Look at each of these things and notice how immoral and shortsighted they are. Also notice that fear is at the root of all of them. Many excuse or attempt to justify these things because they don’t see any other “practical” alternatives. Though choosing the right may not have immediate/obvious results Joseph F. Smith taught us:

“That through [Christ’s] atonement, and by obedience to the principles of the gospel, mankind might be saved (D&C 138:4).”

Unprincipled pragmatism is a form of focusing on ends at the expense of means. As explained here, worthy ends do not justify immoral means. Paul had to debunk the false idea attributed to him— “Let us do evil that good may come” (Romans 3:8). Elder F. Burton Howard also taught:

“The war in heaven was essentially about the means by which the plan of salvation would be implemented. It forever established the principle that even for the greatest of all ends, eternal life, the means are critical. It should be obvious to all thinking Latter-day Saints that the wrong means can never attain that objective.” (Repentance)

So does something being “practical” automatically make it right?

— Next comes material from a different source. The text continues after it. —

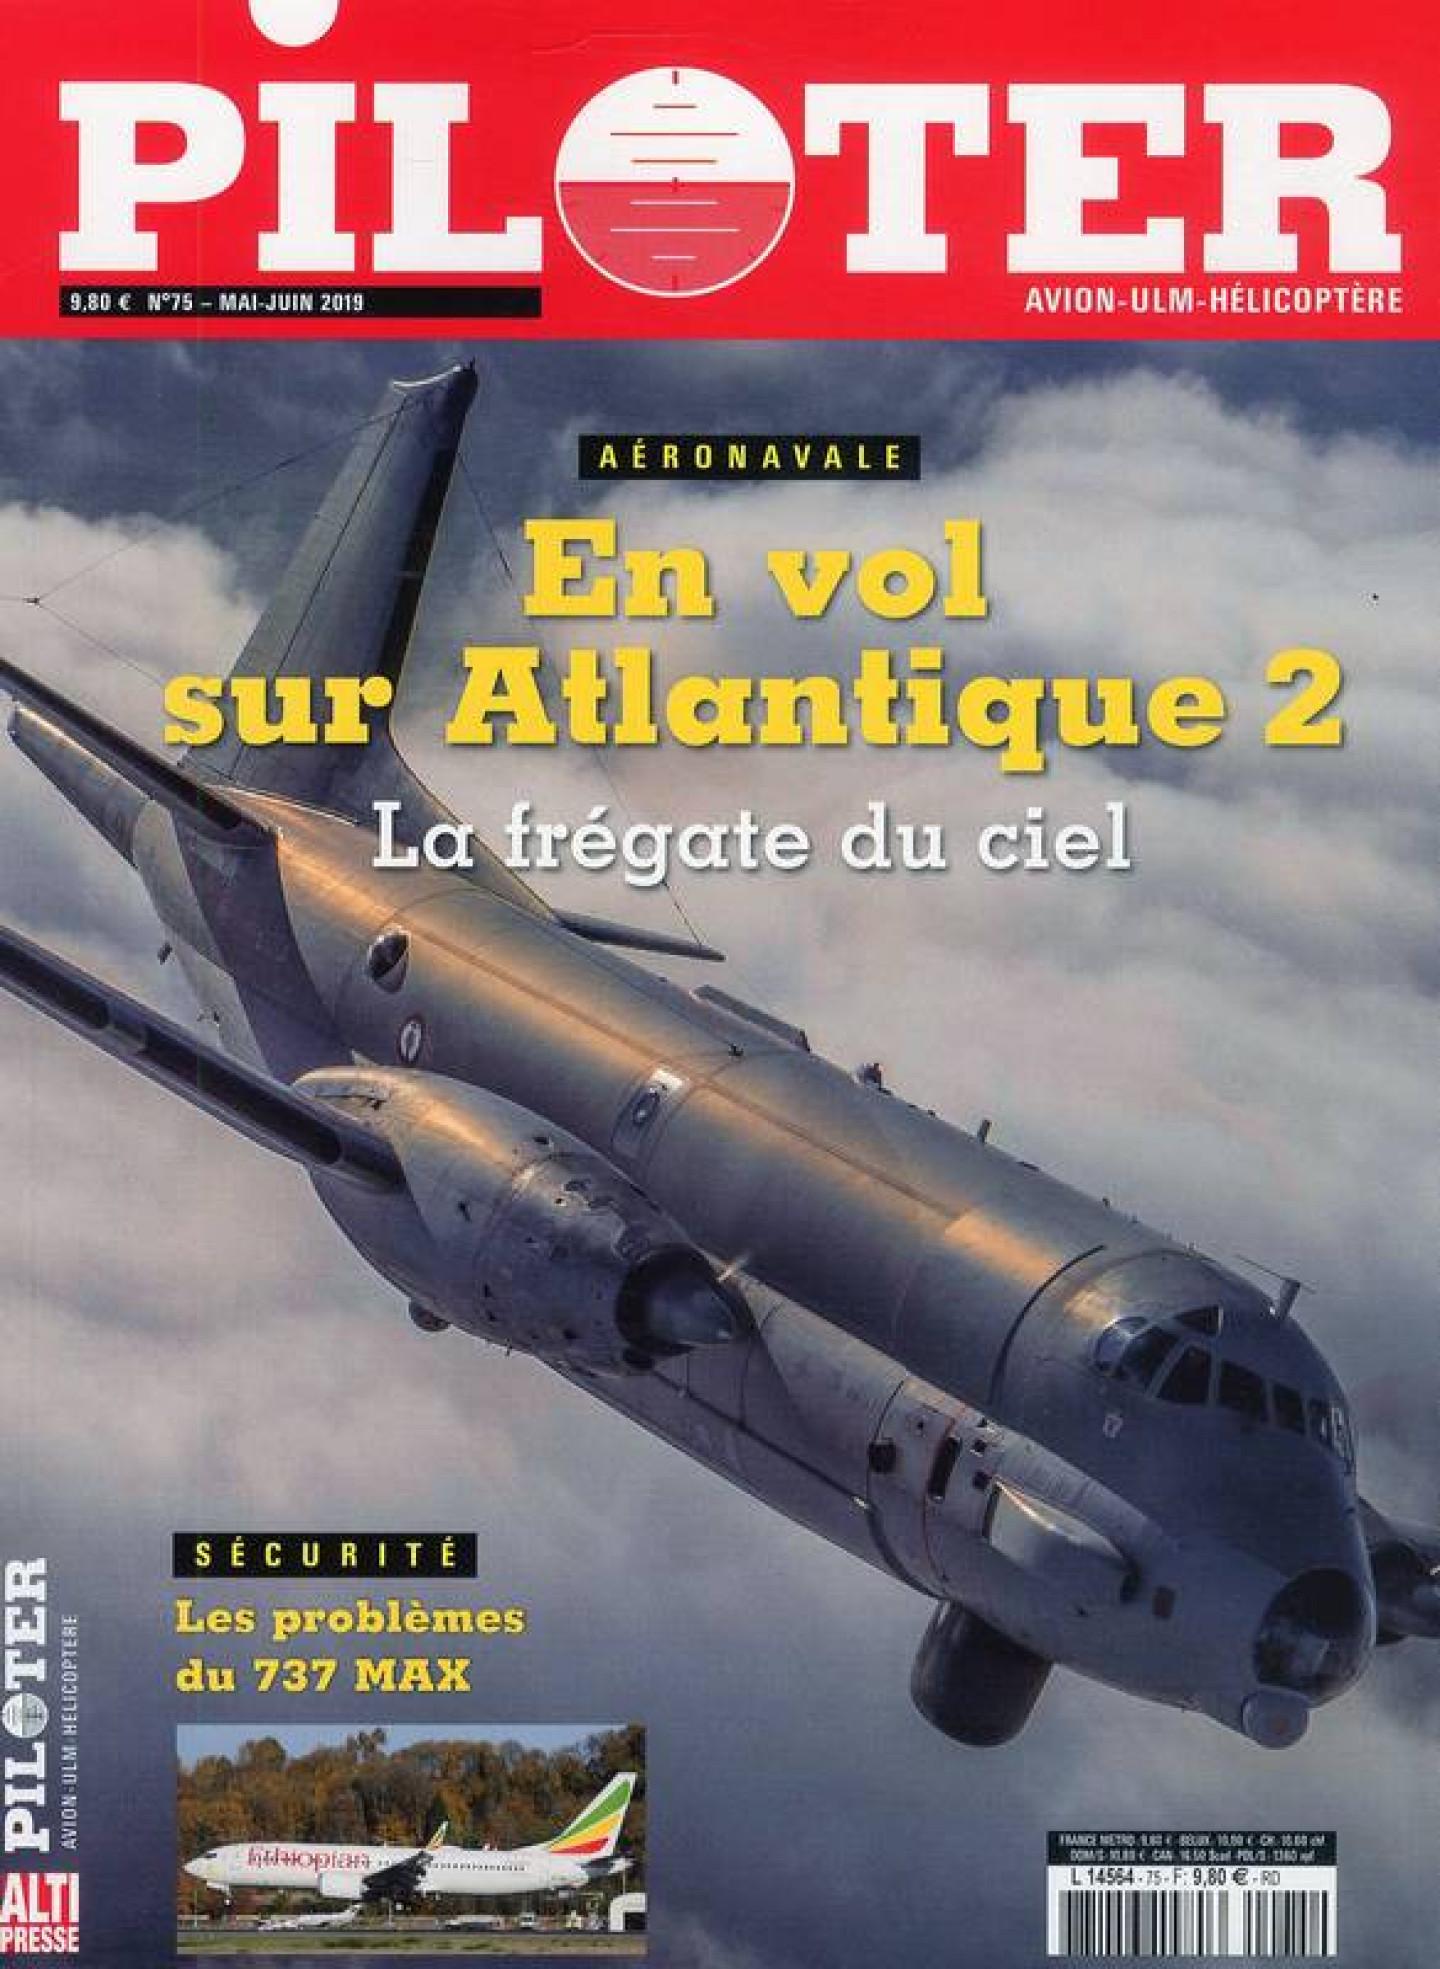 Piloter Mag

Do the principles “Thou shalt not steal, lie, or murder” take a back seat to Machiavellian statism because fear and aggression seem to work better than love and persuasion? Lest someone assume that this is condoning anarchism then please read the story of King Benjamin (Mosiah 2:14). Did he, an agent of the people, rule by fear and aggression or did he serve by love and persuasion? Government can exist in a proper frame when its role is based on correct principles—not pseudo-pragmatic ones. Our lives can also exist to their fullest extent and maximum happiness when they are based on correct principles.

“Once they are driven off the high ground of principle, so many people then settle for being “practical.” But immorality is so impractical! Provisional morality always emerges once people desert a basic truth. Such individuals are forever falling back trying to develop substitute rationales, drawing new lines beyond which they vow they will not be driven, only to abandon these also under the pressure of growing evils…

Moral uncertainty always leads to behavioral absurdity. Prescriptions which are value-free always prove to be so costly. Unprincipled pragmatism is like advising someone who is hopelessly mired in quicksand not to struggle—so that he will merely sink more slowly!” –Neal A Maxwell (The Stern but Sweet Seventh Commandment)

‘Ends Justify Means’ Fallacy

One of the biggest lies ever adopted as truth has been the philosophy that a good end is justified by any means necessary—good or bad.  Most people have good intentions and wish to obtain praiseworthy goals (ends) but some forget, ignore, or try to justify using immoral methods (means) to accomplish those goals.

In a letter to the Romans, Paul shed light on a false teaching attributed to him—“Let us do evil that good may come” (Romans 3:8).  Yet many Christians, even today, rationalize some degree of evil committed by themselves, governments, or others because of the “greater good” which supposedly came from their questionable methods.

The following is an excerpt from Elder F. Burton Howard’s talk “Repentance” which sheds more light on this false philosophy.

Just as foolish as believing that we can “pass it on” is the idea that the satisfaction of being in the circle, whatever that may be, can somehow excuse any wrongs committed there. This notion is widely shared and is most often expressed by the phrase, “The end justifies the means.” Such a belief, if left undisturbed and unchecked, can also impede the repentance process and cheat us out of exaltation.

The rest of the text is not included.